• _The problem_
Starting with the first line of the material, reproduce exactly each line up to and including the one that contains "hat white hair", leaving out every picture.

• _Data provided_
━━━━━━━━
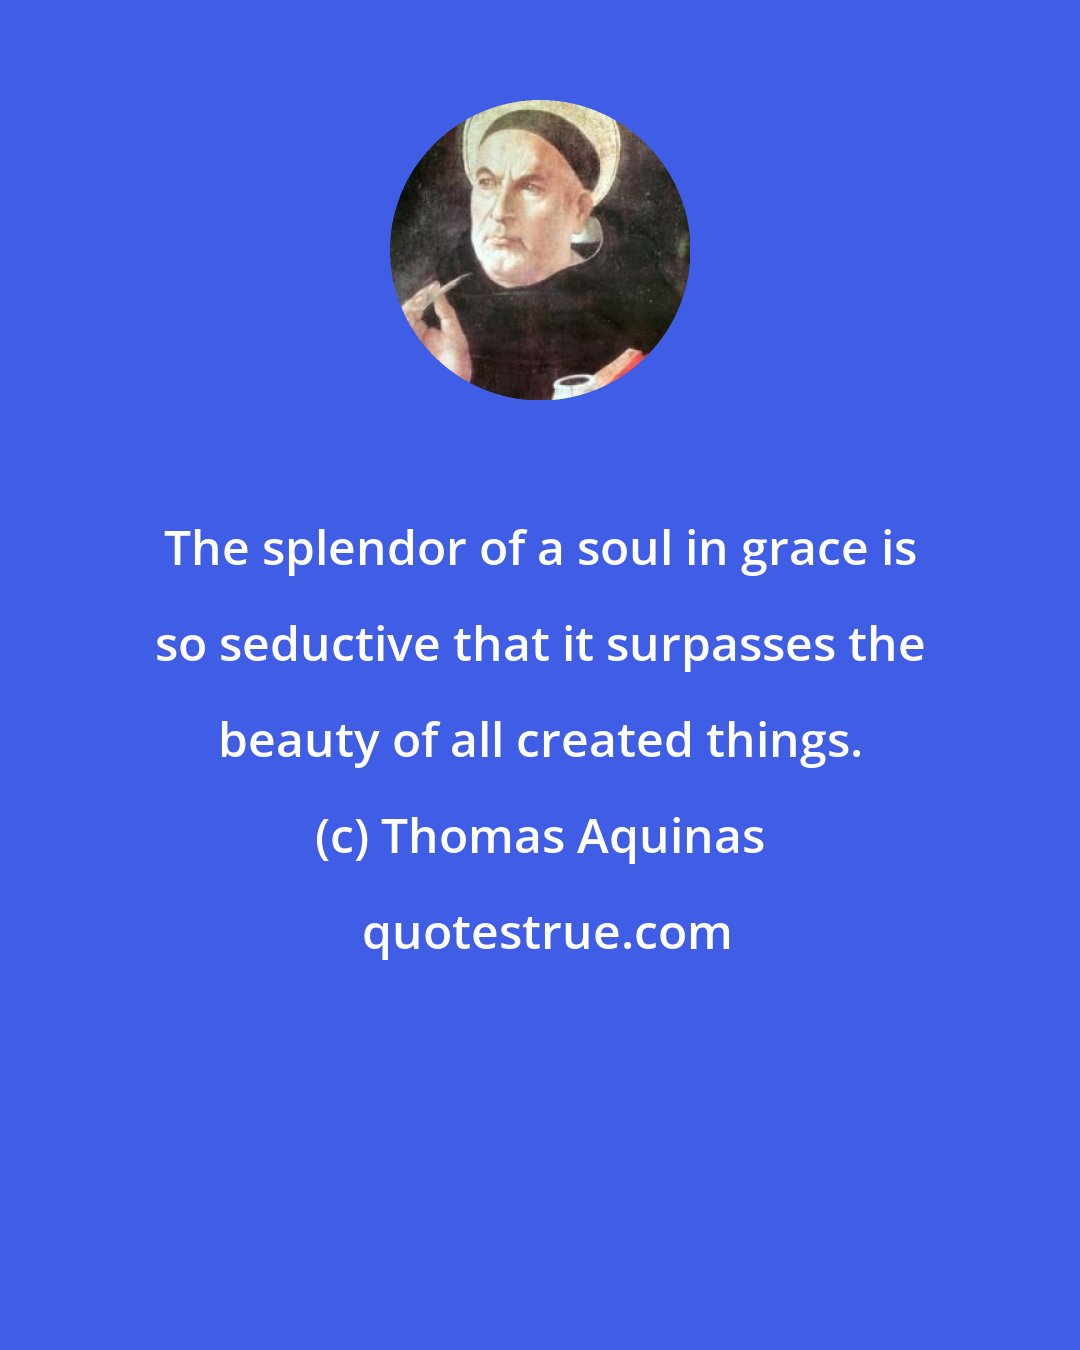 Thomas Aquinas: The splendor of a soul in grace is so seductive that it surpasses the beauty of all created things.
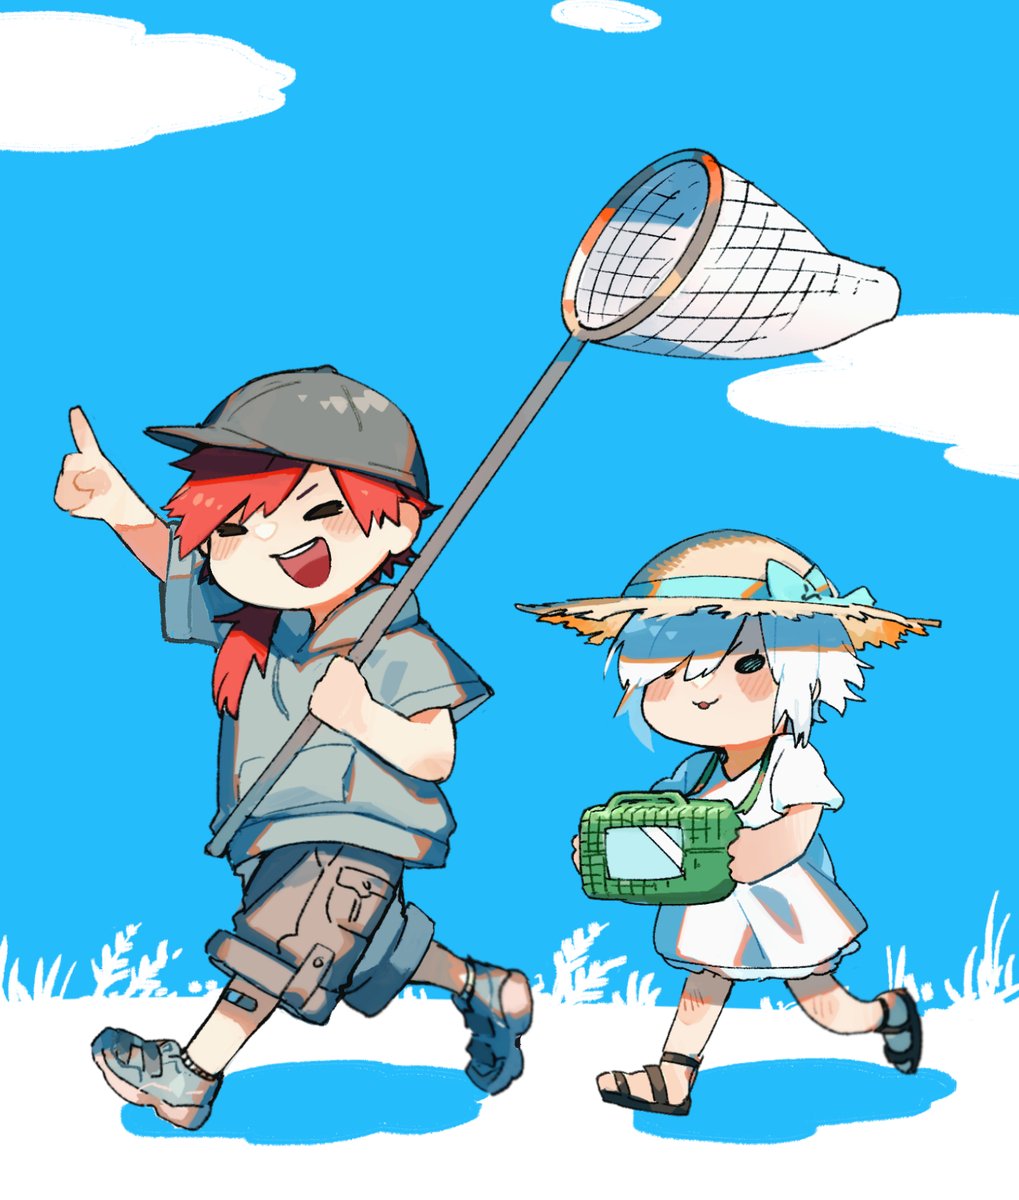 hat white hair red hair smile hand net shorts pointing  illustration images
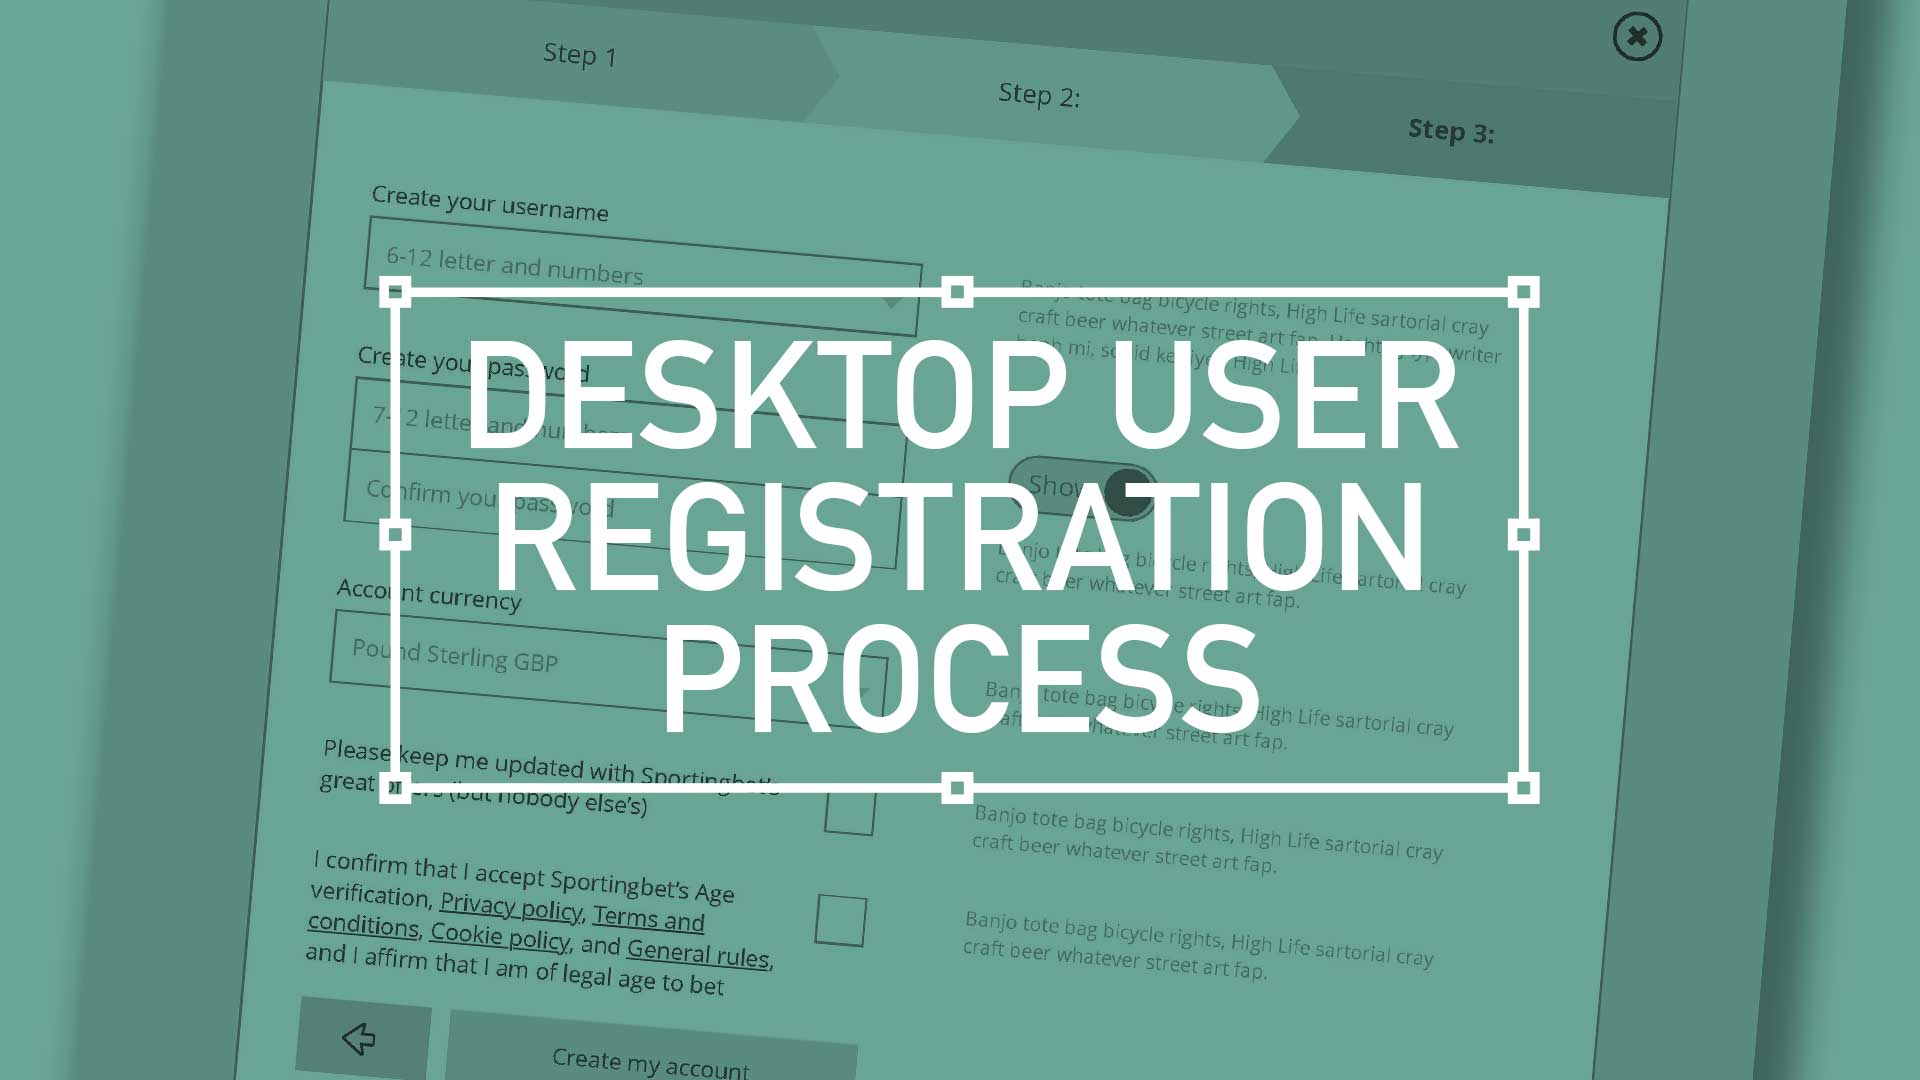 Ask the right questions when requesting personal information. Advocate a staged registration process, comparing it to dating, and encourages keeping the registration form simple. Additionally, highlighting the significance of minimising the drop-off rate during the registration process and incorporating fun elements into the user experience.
━━━━━━━━
• _Solution for this problem_
 Thomas Aquinas: The splendor of a soul in grace is so seductive that it surpasses the beauty of all created things.
 hat white hair red hair smile hand net shorts pointing  illustration images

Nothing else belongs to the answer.